• _Task instructions_: The required output is a verbatim transcription of the listing, pictures excluded.
*** Dataset section Section Begins ***
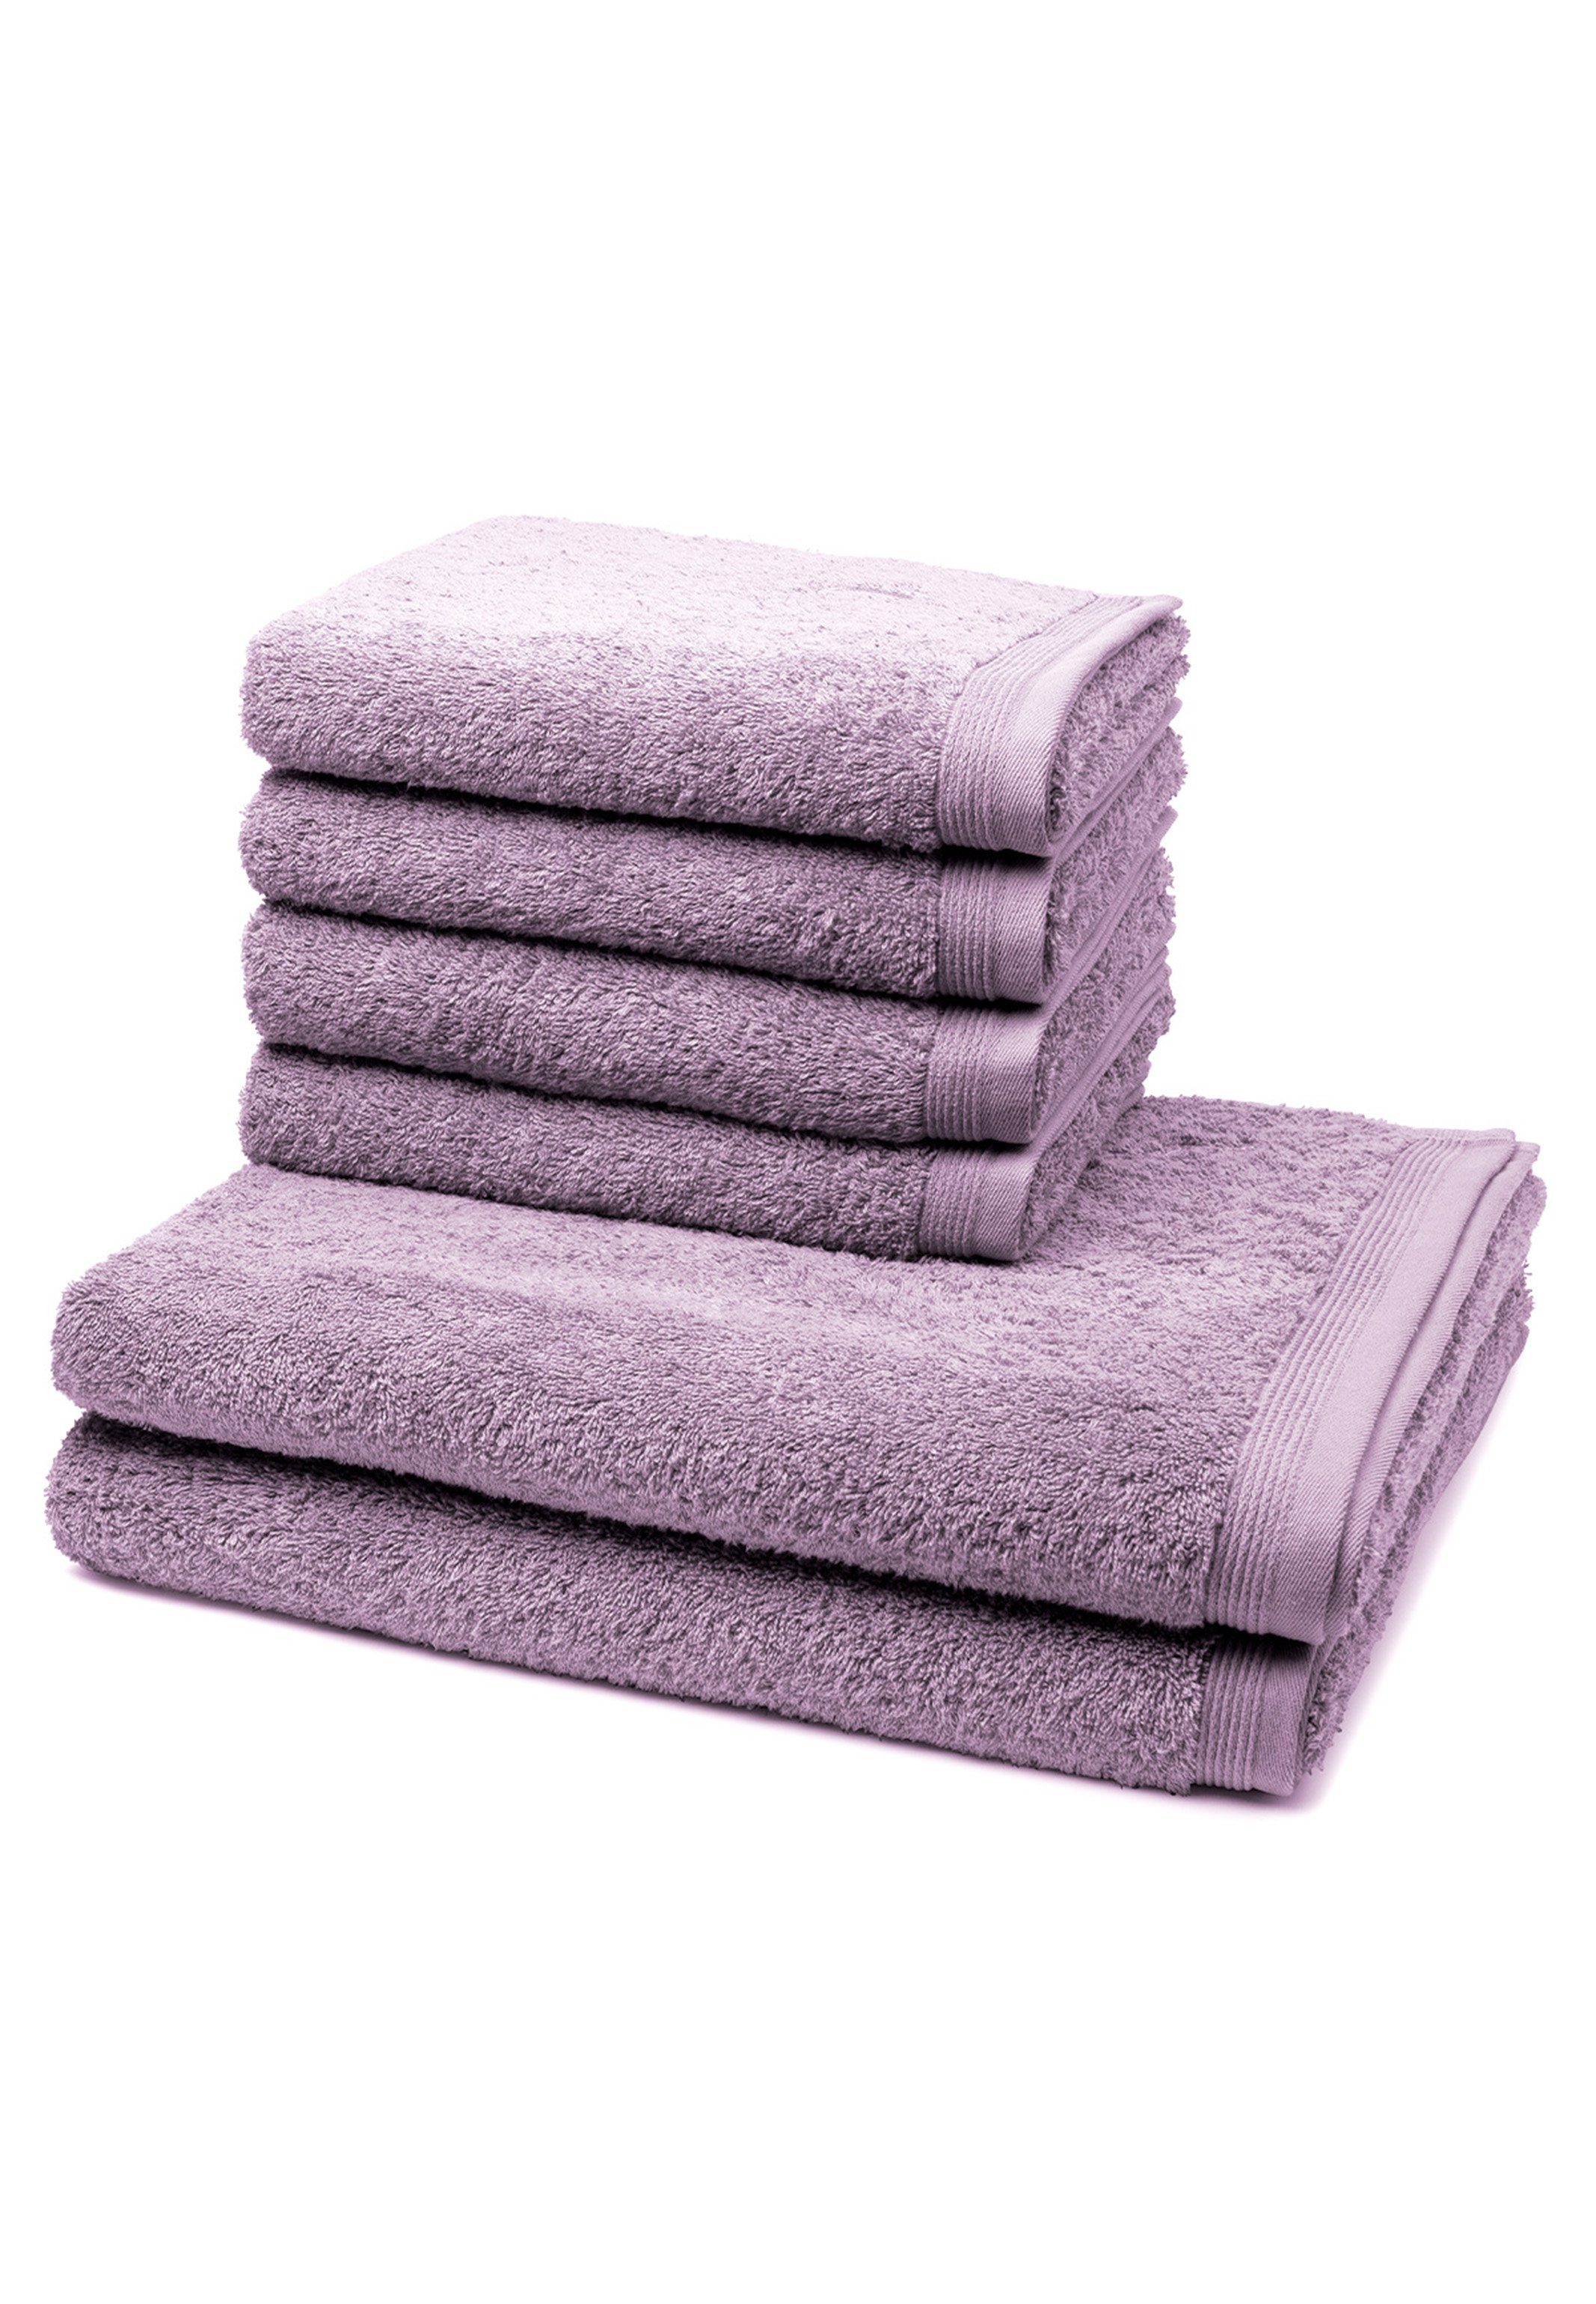 6-tlg), Set Handtuch Handtuch (Spar-Set, im Extraweiches Superwuschel, - Duschtuch X Set X 2 Möve 4 Walkfrottee, - Handtuch Baumwolle
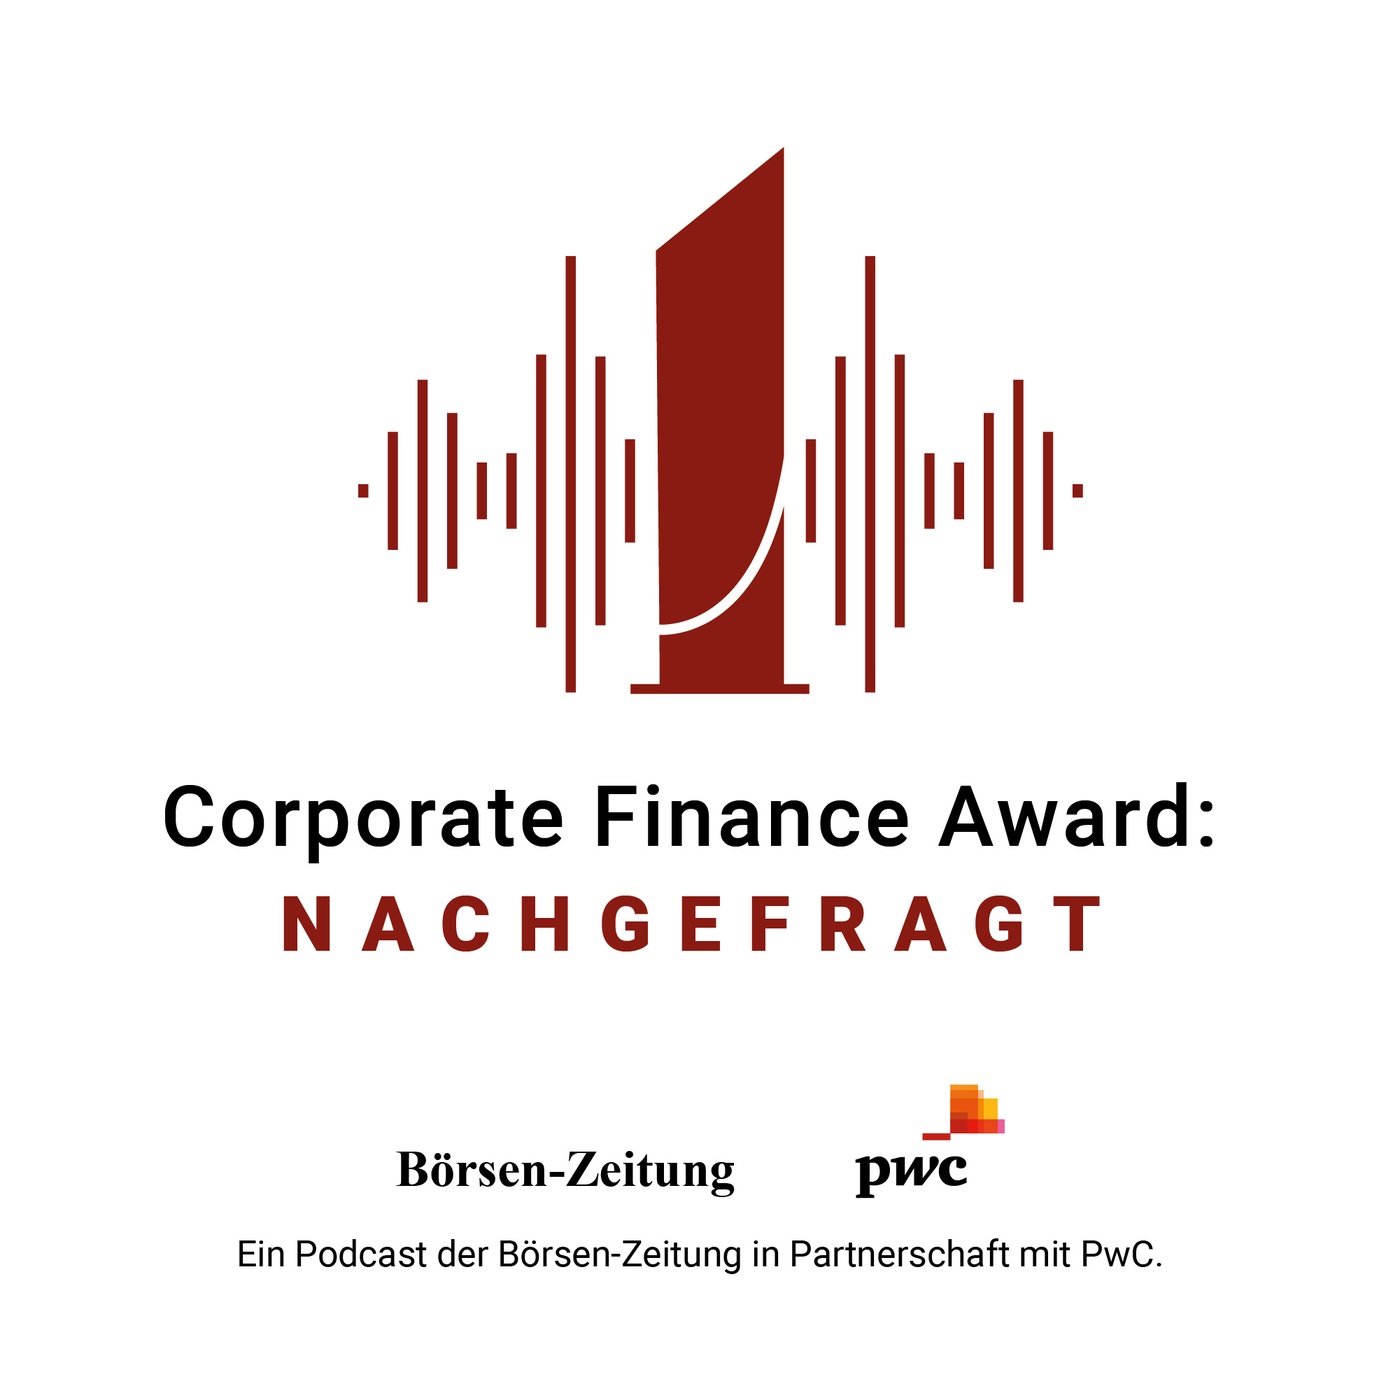 Preisträger 2023 - IPO: Andreas Reisse, CEO Schott Pharma, und Dr. Frank Heinricht, CEO Schott AG
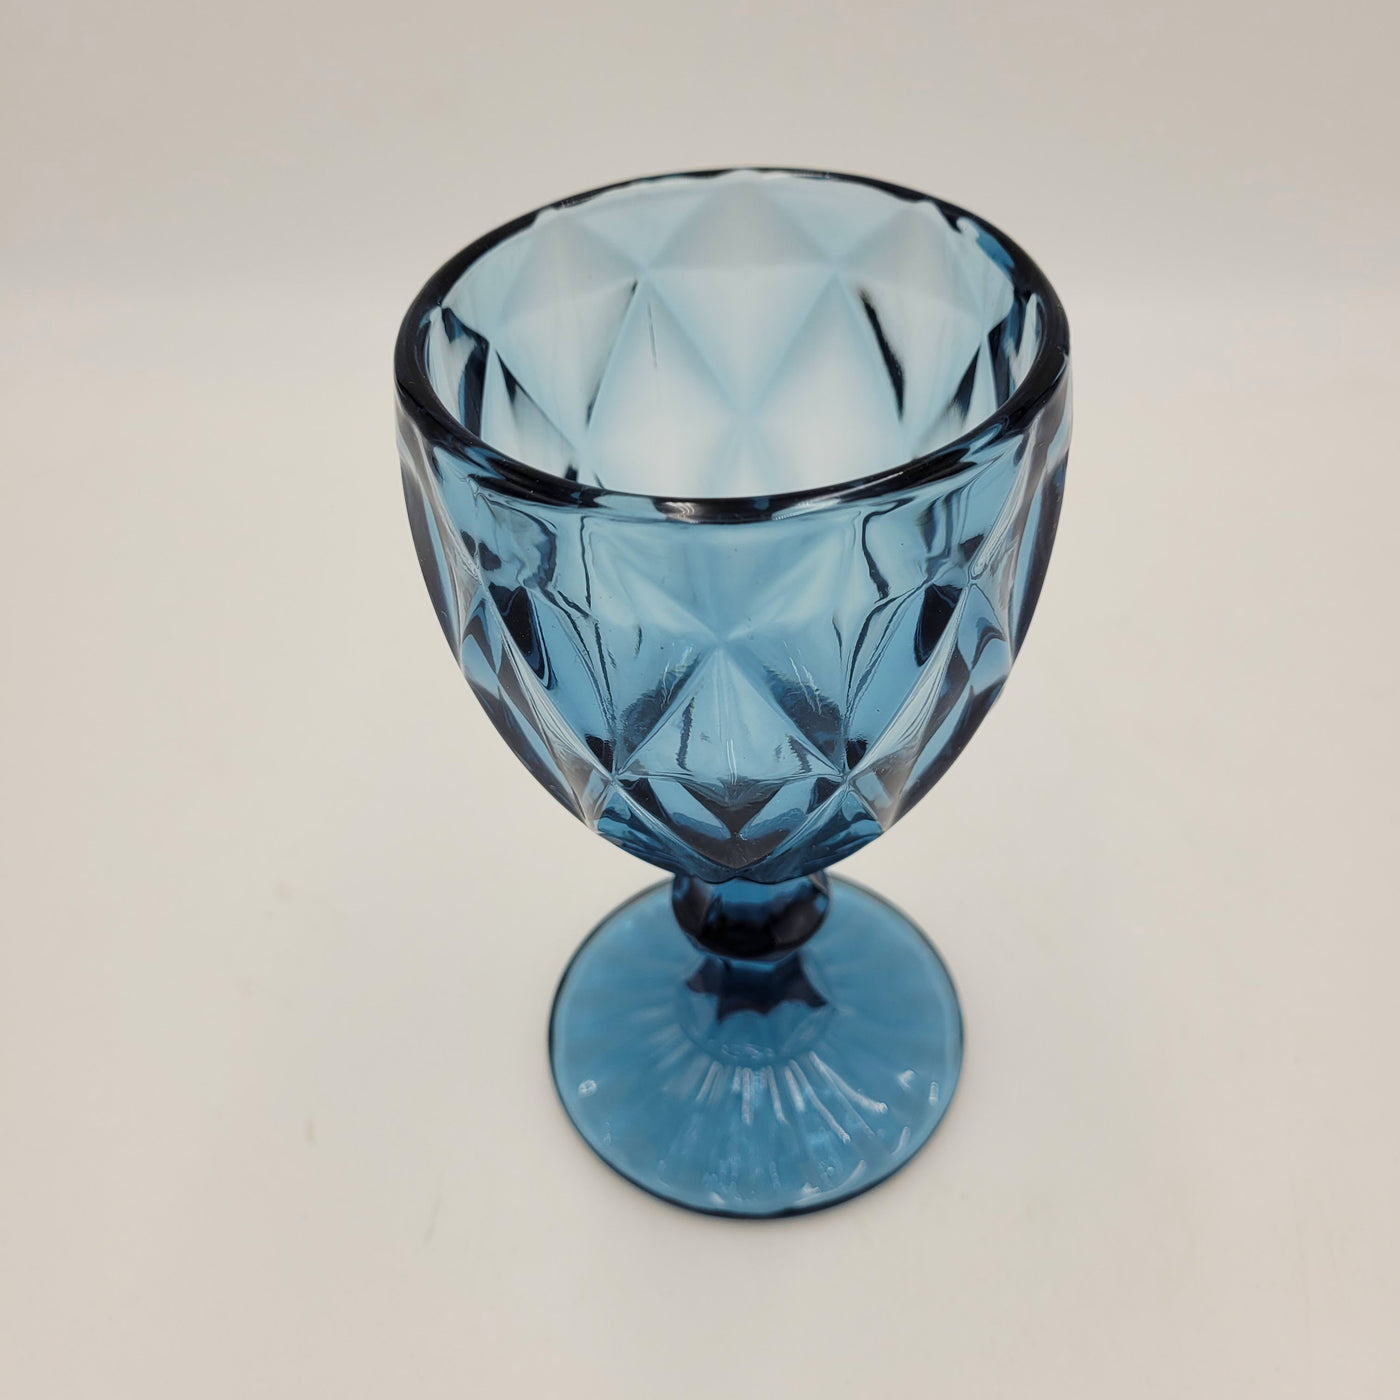 Menaje hogar Cristalería Vidrio y cristal Azul
*** Dataset section Section Ends ***
• _Answer to the problem_:
 6-tlg), Set Handtuch Handtuch (Spar-Set, im Extraweiches Superwuschel, - Duschtuch X Set X 2 Möve 4 Walkfrottee, - Handtuch Baumwolle
 Preisträger 2023 - IPO: Andreas Reisse, CEO Schott Pharma, und Dr. Frank Heinricht, CEO Schott AG
 Menaje hogar Cristalería Vidrio y cristal Azul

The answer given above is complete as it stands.